ABSA-PyTorch
ABSA-PyTorch copied to clipboard
10 fold cross validation test results
Hi I ran 10 fold cross validation test as shown in repo60,62, but gain lower results: twitter: learning rate 2e-5,mean_test_acc: 0.7095, mean_test_f1: 0.6925 learning rate 5e-5,mean_test_acc: 0.6259, mean_test_f1: 0.5539 restaurant: learning rate 2e-5,mean_test_acc: 0.7095, mean_test_f1: 0.6925 learning rate 5e-5,mean_test_acc: 0.7407, mean_test_f1: 0.5457
how to solve this problem?
the other parameters are: parser.add_argument('--model_name', default='aen_bert', type=str) parser.add_argument('--dataset', default='laptop', type=str, help='twitter, restaurant, laptop') parser.add_argument('--optimizer', default='adam', type=str) parser.add_argument('--initializer', default='xavier_uniform_', type=str) parser.add_argument('--learning_rate', default=2e-5, type=float, help='try 5e-5, 2e-5 for BERT, 1e-3 for others') parser.add_argument('--dropout', default=0.1, type=float) parser.add_argument('--l2reg', default=0.01, type=float) parser.add_argument('--num_epoch', default=10, type=int, help='try larger number for non-BERT models') parser.add_argument('--batch_size', default=16, type=int, help='try 16, 32, 64 for BERT models') parser.add_argument('--log_step', default=10, type=int) parser.add_argument('--embed_dim', default=300, type=int) parser.add_argument('--hidden_dim', default=300, type=int) parser.add_argument('--bert_dim', default=768, type=int) parser.add_argument('--pretrained_bert_name', default='bert-base-uncased', type=str) parser.add_argument('--max_seq_len', default=80, type=int) parser.add_argument('--polarities_dim', default=3, type=int) parser.add_argument('--hops', default=3, type=int) parser.add_argument('--device', default=None, type=str, help='e.g. cuda:0') parser.add_argument('--seed', default=None, type=int, help='set seed for reproducibility') parser.add_argument('--cross_val_fold', default=10, type=int, help='k-fold cross validation')

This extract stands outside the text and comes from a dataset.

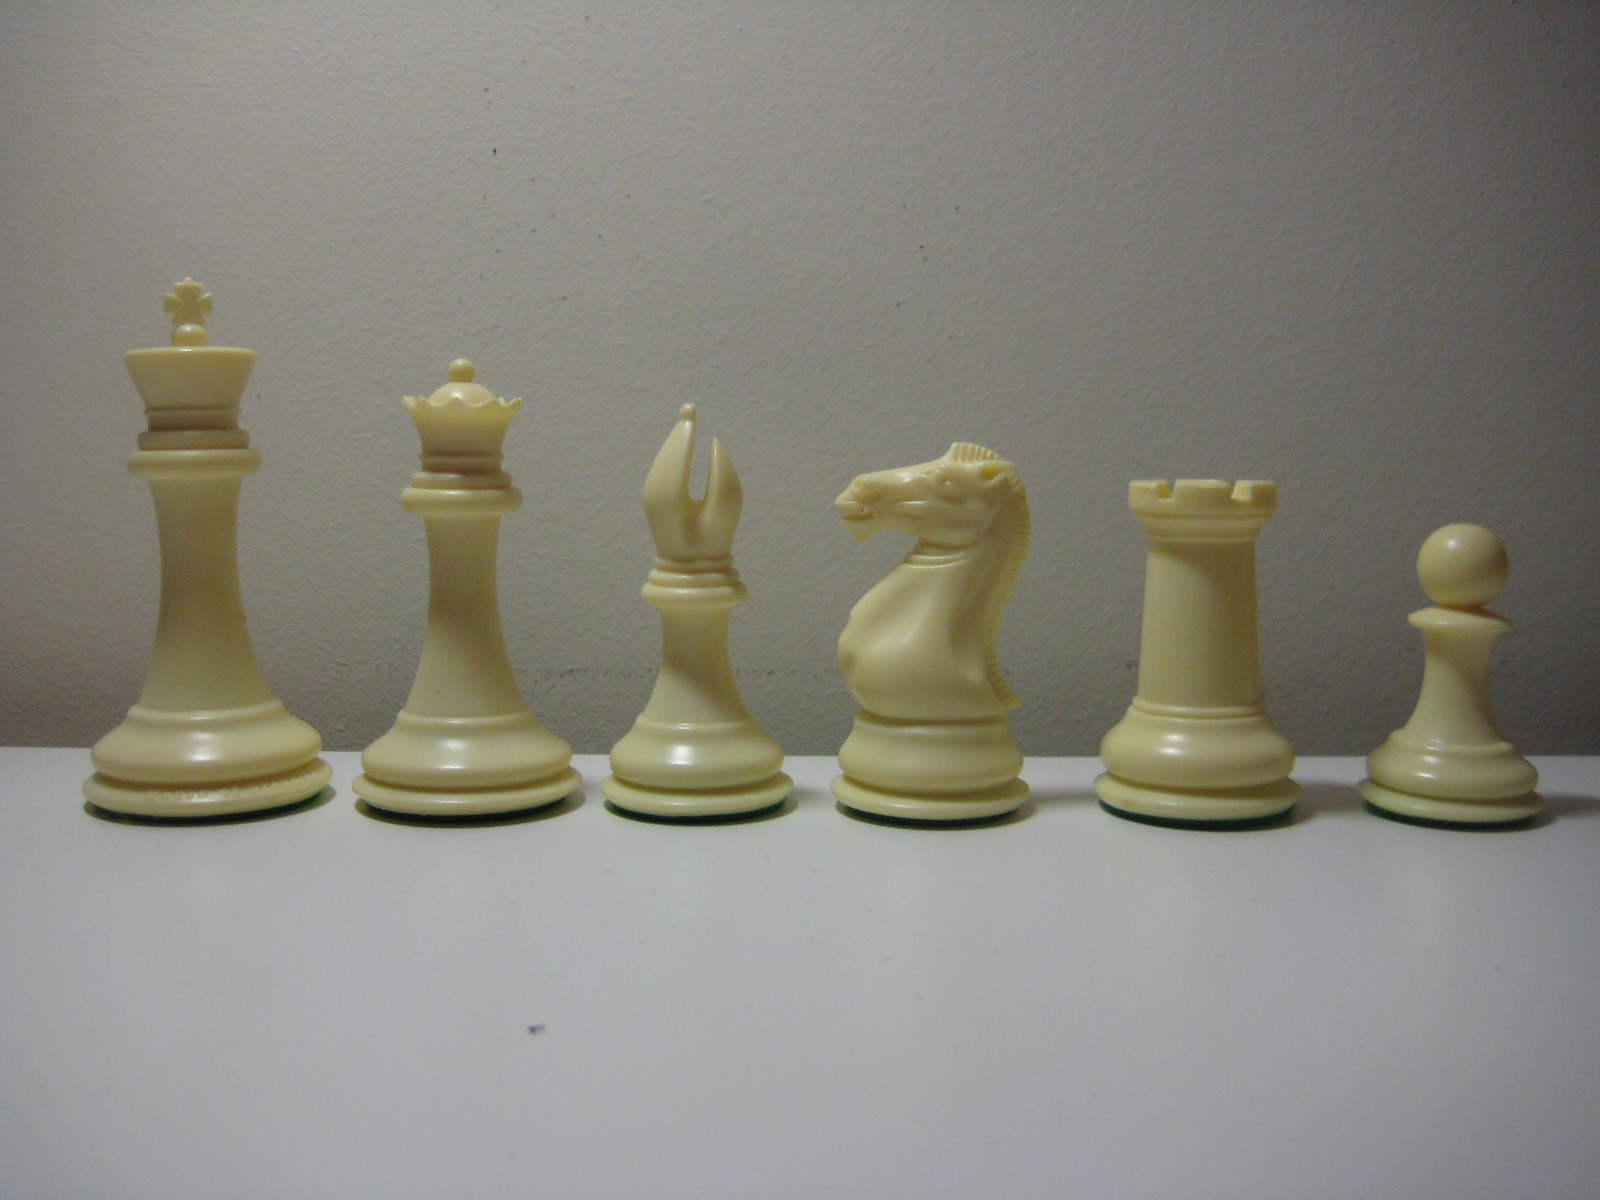 Analysis Size Standard Club Plastic Chess Set Black & Ivory Pieces - 3 King
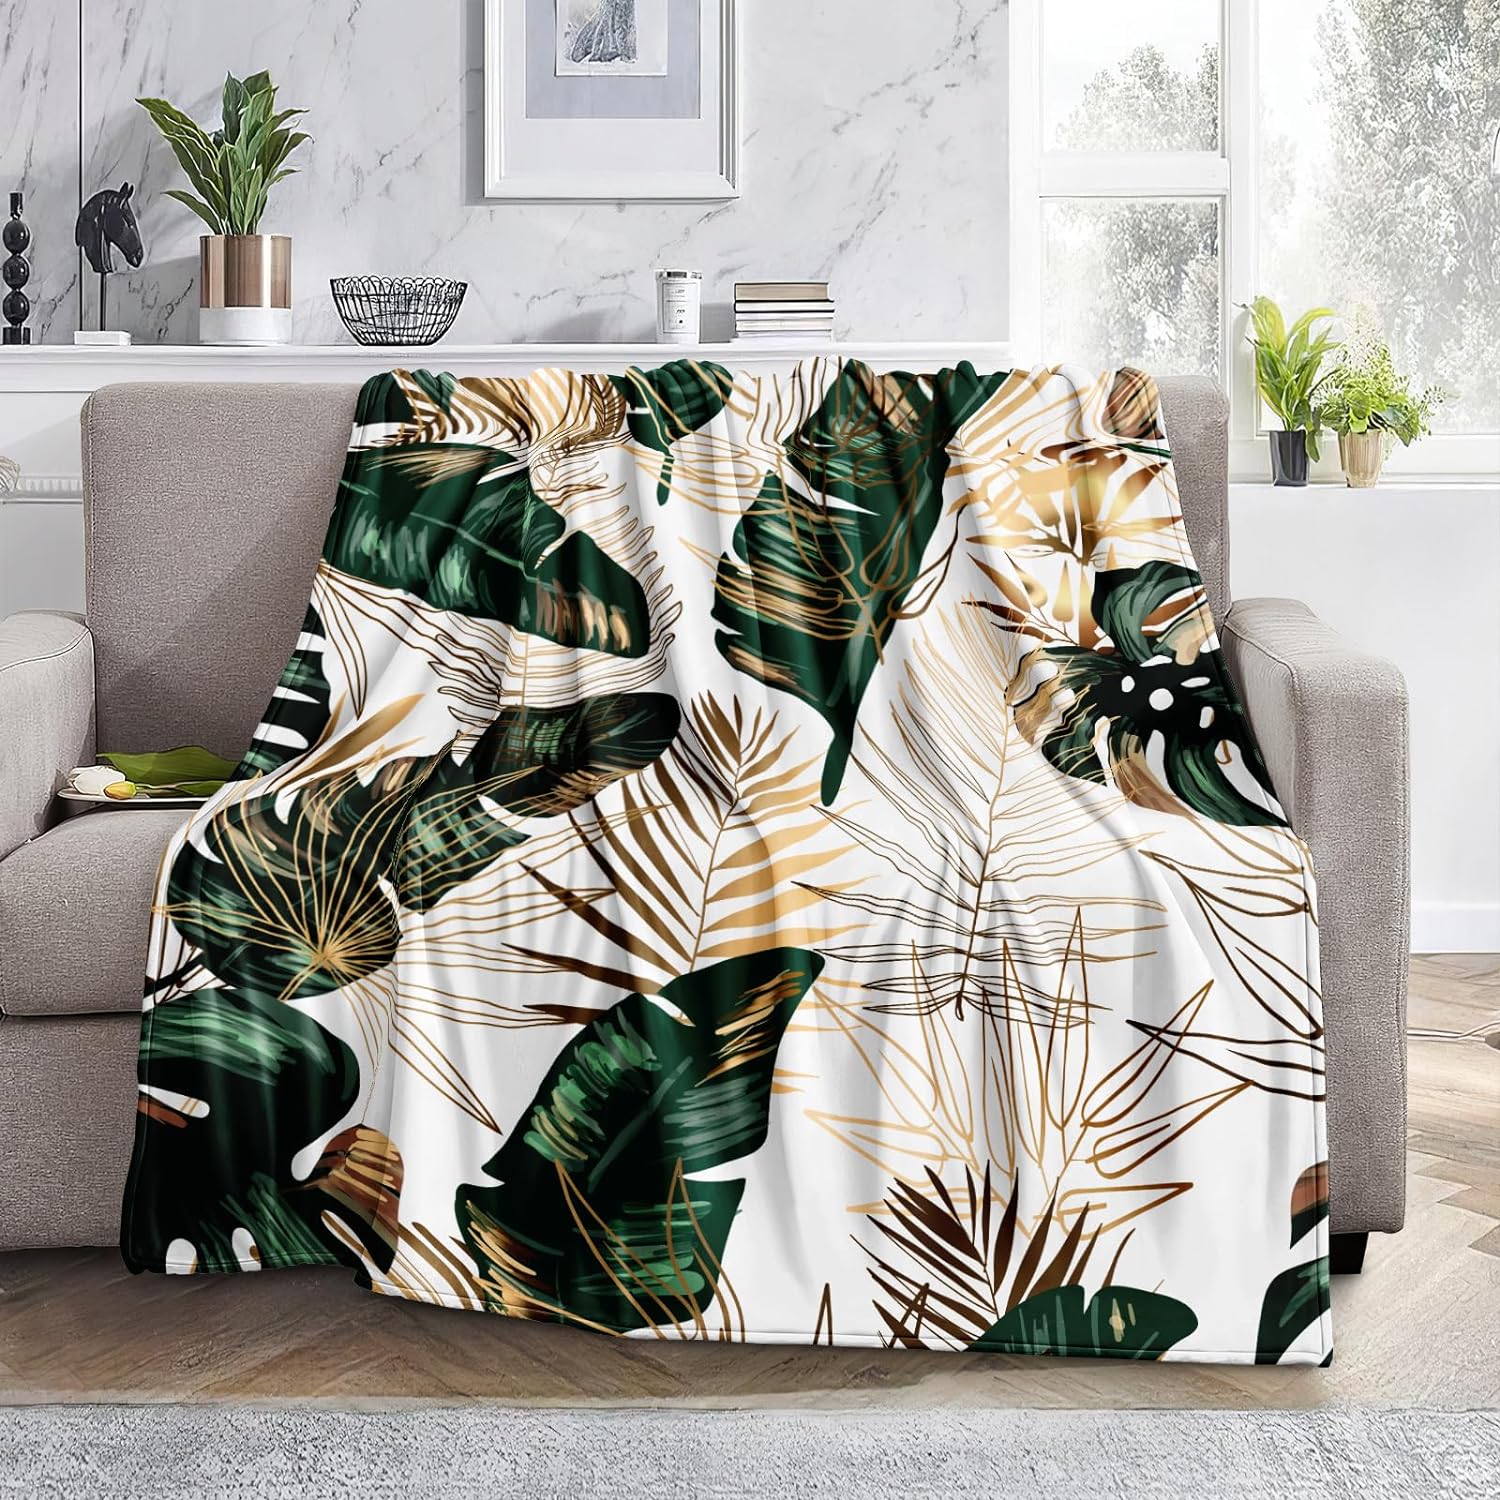 Bedbay Green Gold Throw Blanket Tropical Palm Leaf Ultra Soft Warm Blanket Lightweight Plush Fuzzy Throw Blanket for Couch Sofa Christmas Decorations (Leaf, Throw(50x60))

This result is obviously problematic. I'm not sure what the problem is, you can set batch_size=32, seed=0, and try again.
Hi Youwei, now I gain the results as following, whether they are normal or still problematic? Twitter (seed=0) test_acc: 0.7211, test_f1: 0.7101 10 fold mean_test_acc: 0.7211, mean_test_f1: 0.7075 Restaurant (seed=0) test_acc: 0.8187, test_f1: 0.7066 10 fold mean_test_acc: 0.8036, mean_test_f1: 0.6787
the parameter settings are: parser.add_argument('--model_name', default='aen_bert', type=str) parser.add_argument('--dataset', default='twitter', type=str, help='twitter, restaurant, laptop') parser.add_argument('--optimizer', default='adam', type=str) parser.add_argument('--initializer', default='xavier_uniform_', type=str) parser.add_argument('--learning_rate', default=2e-5, type=float, help='try 5e-5, 2e-5 for BERT, 1e-3 for others') parser.add_argument('--dropout', default=0.1, type=float) parser.add_argument('--l2reg', default=0.01, type=float) parser.add_argument('--num_epoch', default=10, type=int, help='try larger number for non-BERT models') parser.add_argument('--batch_size', default=32, type=int, help='try 16, 32, 64 for BERT models') parser.add_argument('--log_step', default=10, type=int) parser.add_argument('--embed_dim', default=300, type=int) parser.add_argument('--hidden_dim', default=300, type=int) parser.add_argument('--bert_dim', default=768, type=int) parser.add_argument('--pretrained_bert_name', default='bert-base-uncased', type=str) parser.add_argument('--max_seq_len', default=80, type=int) parser.add_argument('--polarities_dim', default=3, type=int) parser.add_argument('--hops', default=3, type=int) parser.add_argument('--device', default=None, type=str, help='e.g. cuda:0') parser.add_argument('--seed', default=0, type=int, help='set seed for reproducibility') parser.add_argument('--cross_val_fold', default=10, type=int, help='k-fold cross validation')
This result is normal.
ok. Thanks! Btw, the laptop results (seed=0) are: test_acc: 0.7915, test_f1: 0.7454 mean_test_acc: 0.7652, mean_test_f1: 0.7138. It seems that the result will be influenced a lot by dataset? If I want to use model on a typical domain dataset(like financial text), what is the best way to create an innovative model? Mayby just try the 10-fold experiment and use the best record one?
Datasets are of course an important factor. The average result of K-fold cross-validation can be used to evaluate the generalization ability of the model, which is useful for model design and hyperparamter selection.